Starting at the line that contains "ein Reich, ein" and stopping after the line that contains "BILL EVANS - EVERYBODY STILL DIGS", transcribe the listing below exactly; do not include any pictures.

▶ AVAILABLE RECORDS:

• • • • •

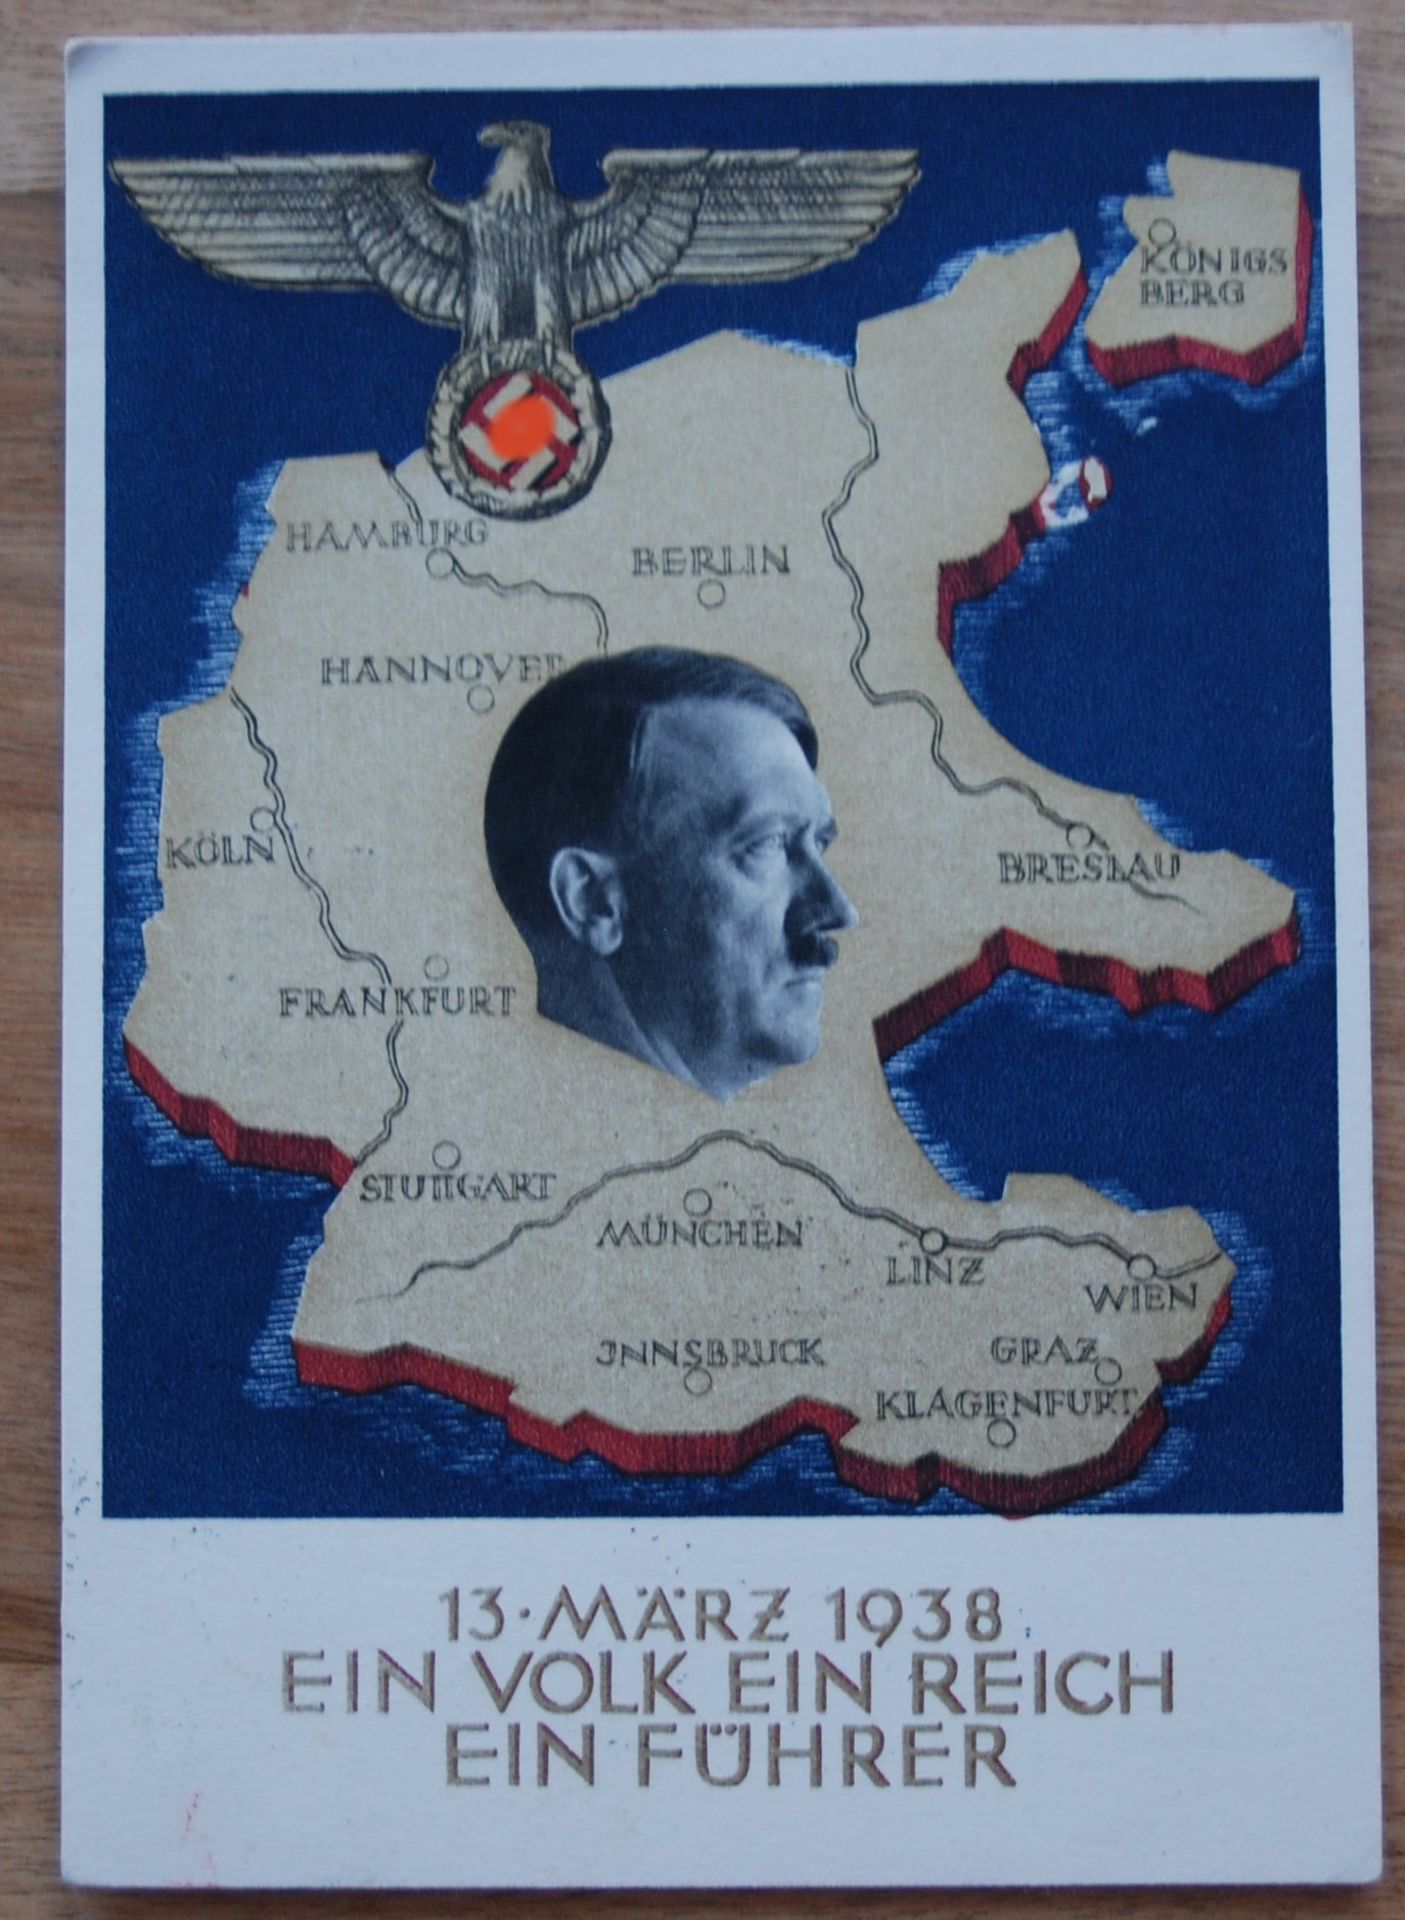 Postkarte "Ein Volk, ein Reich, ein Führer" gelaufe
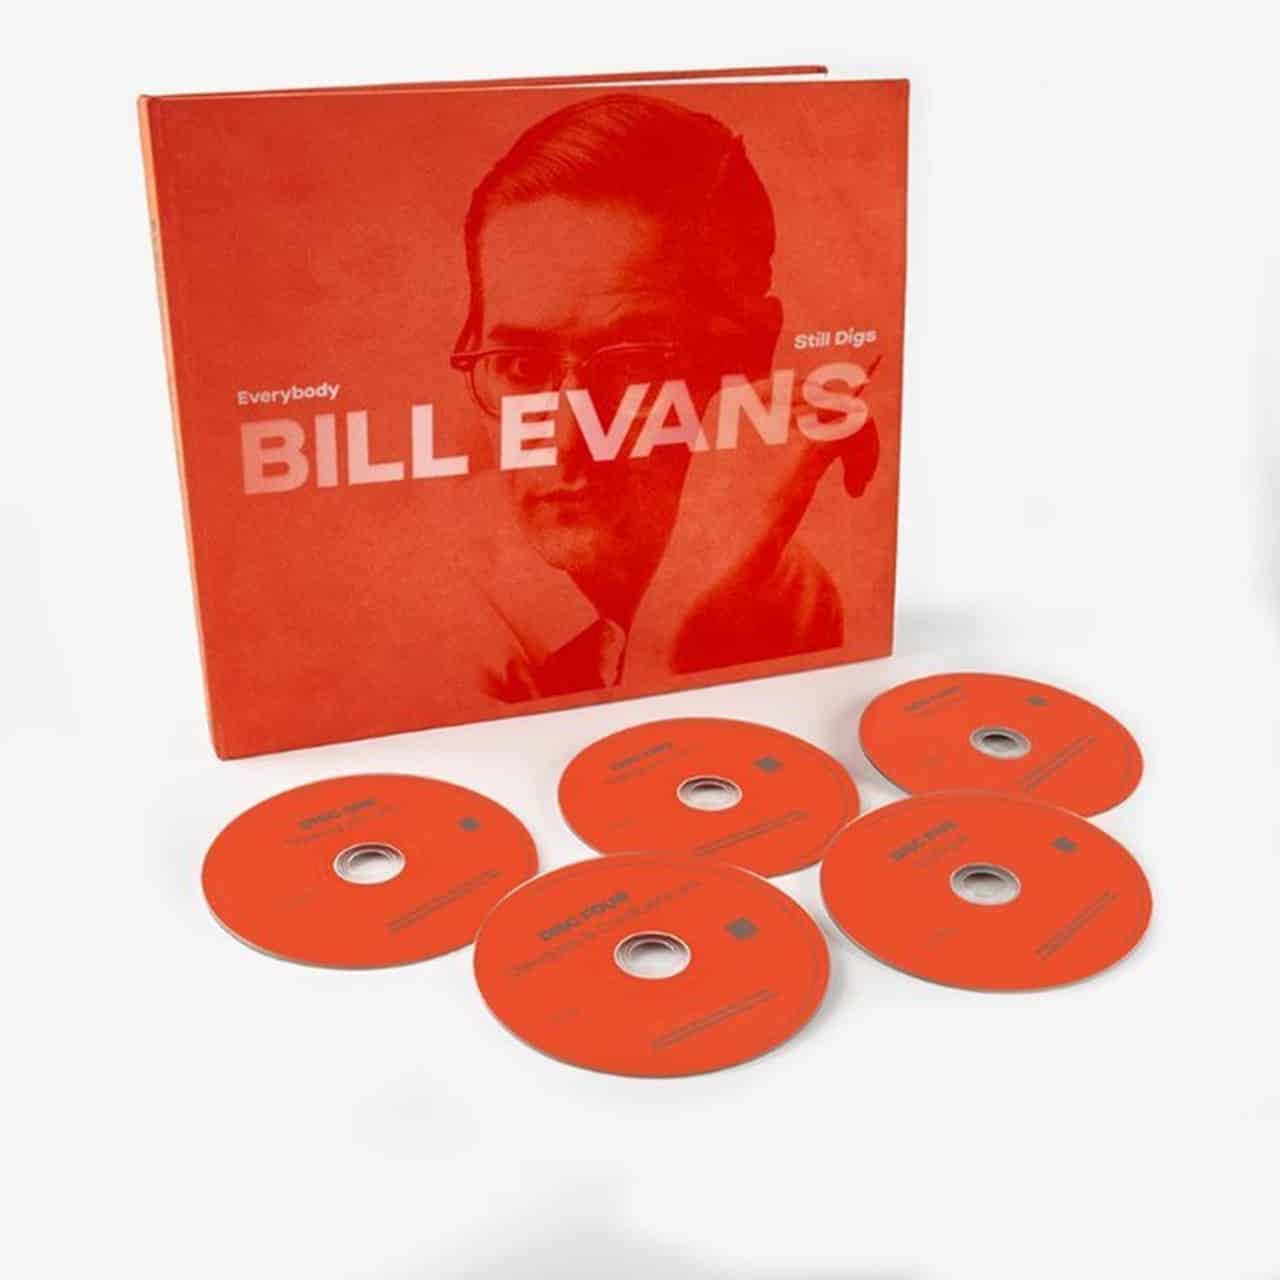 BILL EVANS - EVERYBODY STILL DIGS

• • • • •

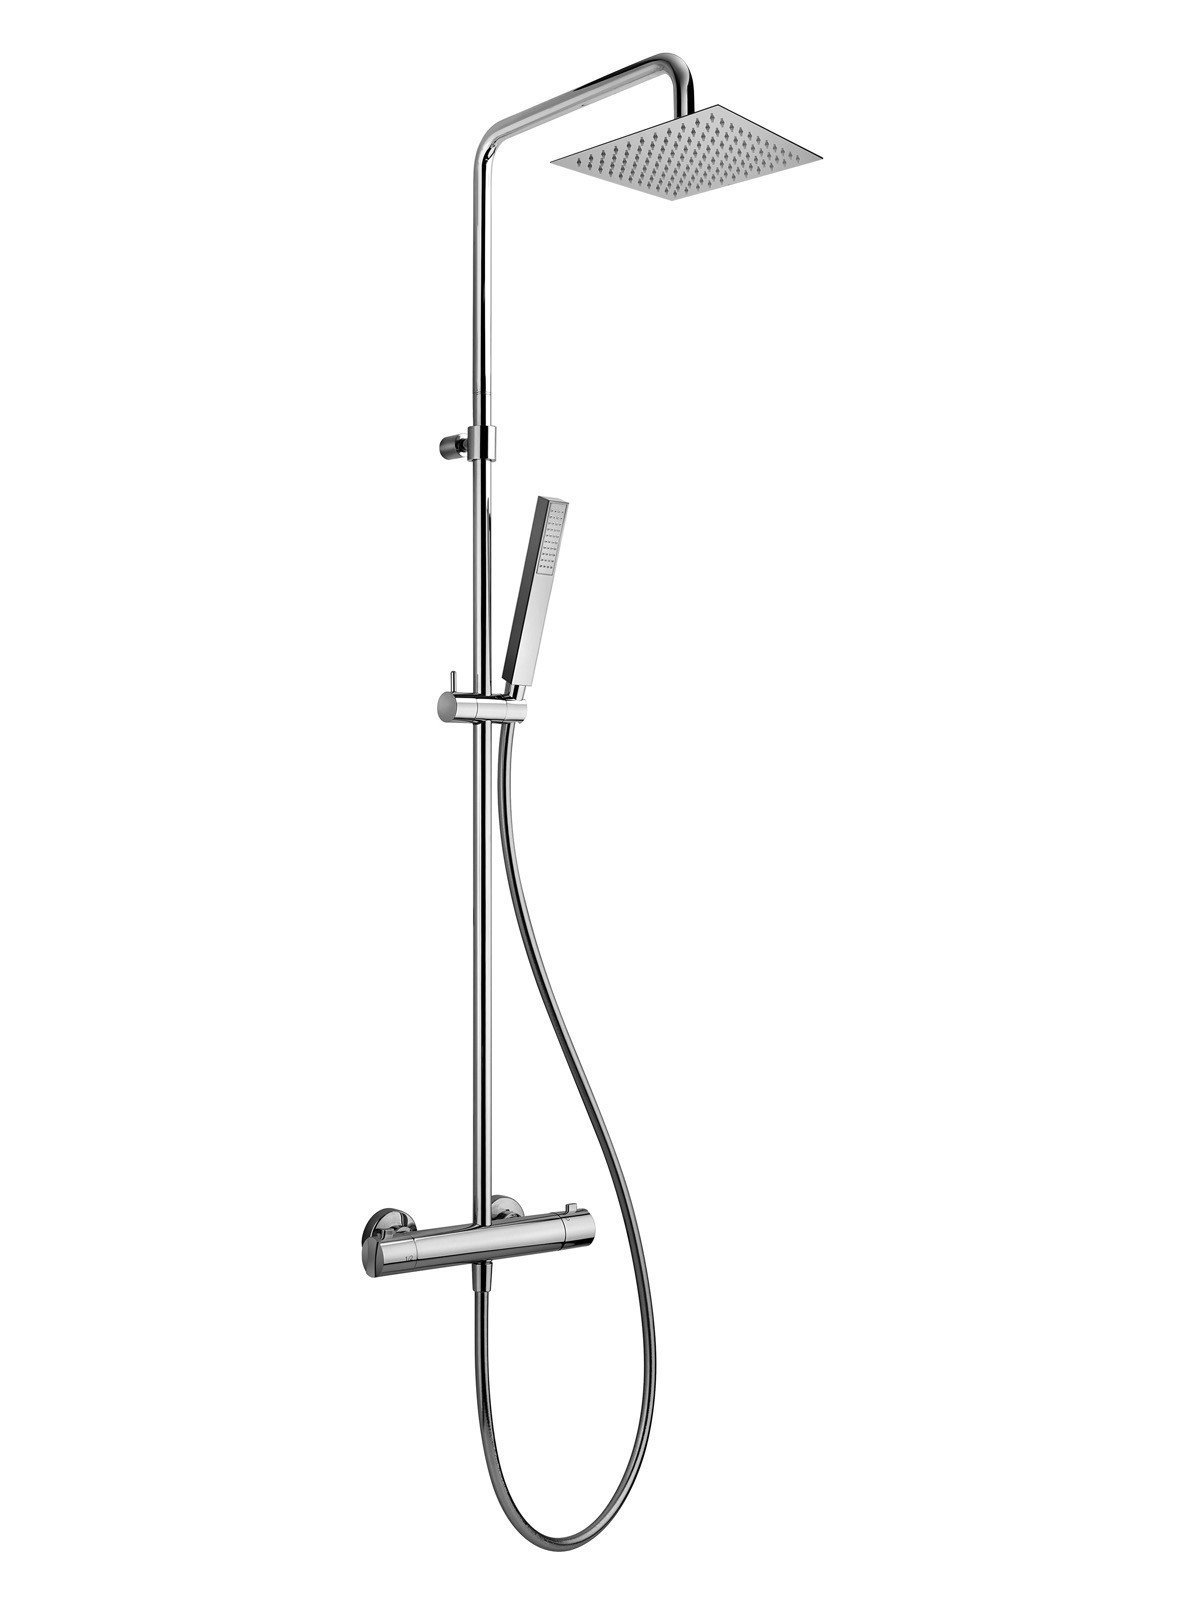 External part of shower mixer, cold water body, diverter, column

• • • • •

▶ ANSWER SECTION:
 Postkarte "Ein Volk, ein Reich, ein Führer" gelaufe
 BILL EVANS - EVERYBODY STILL DIGS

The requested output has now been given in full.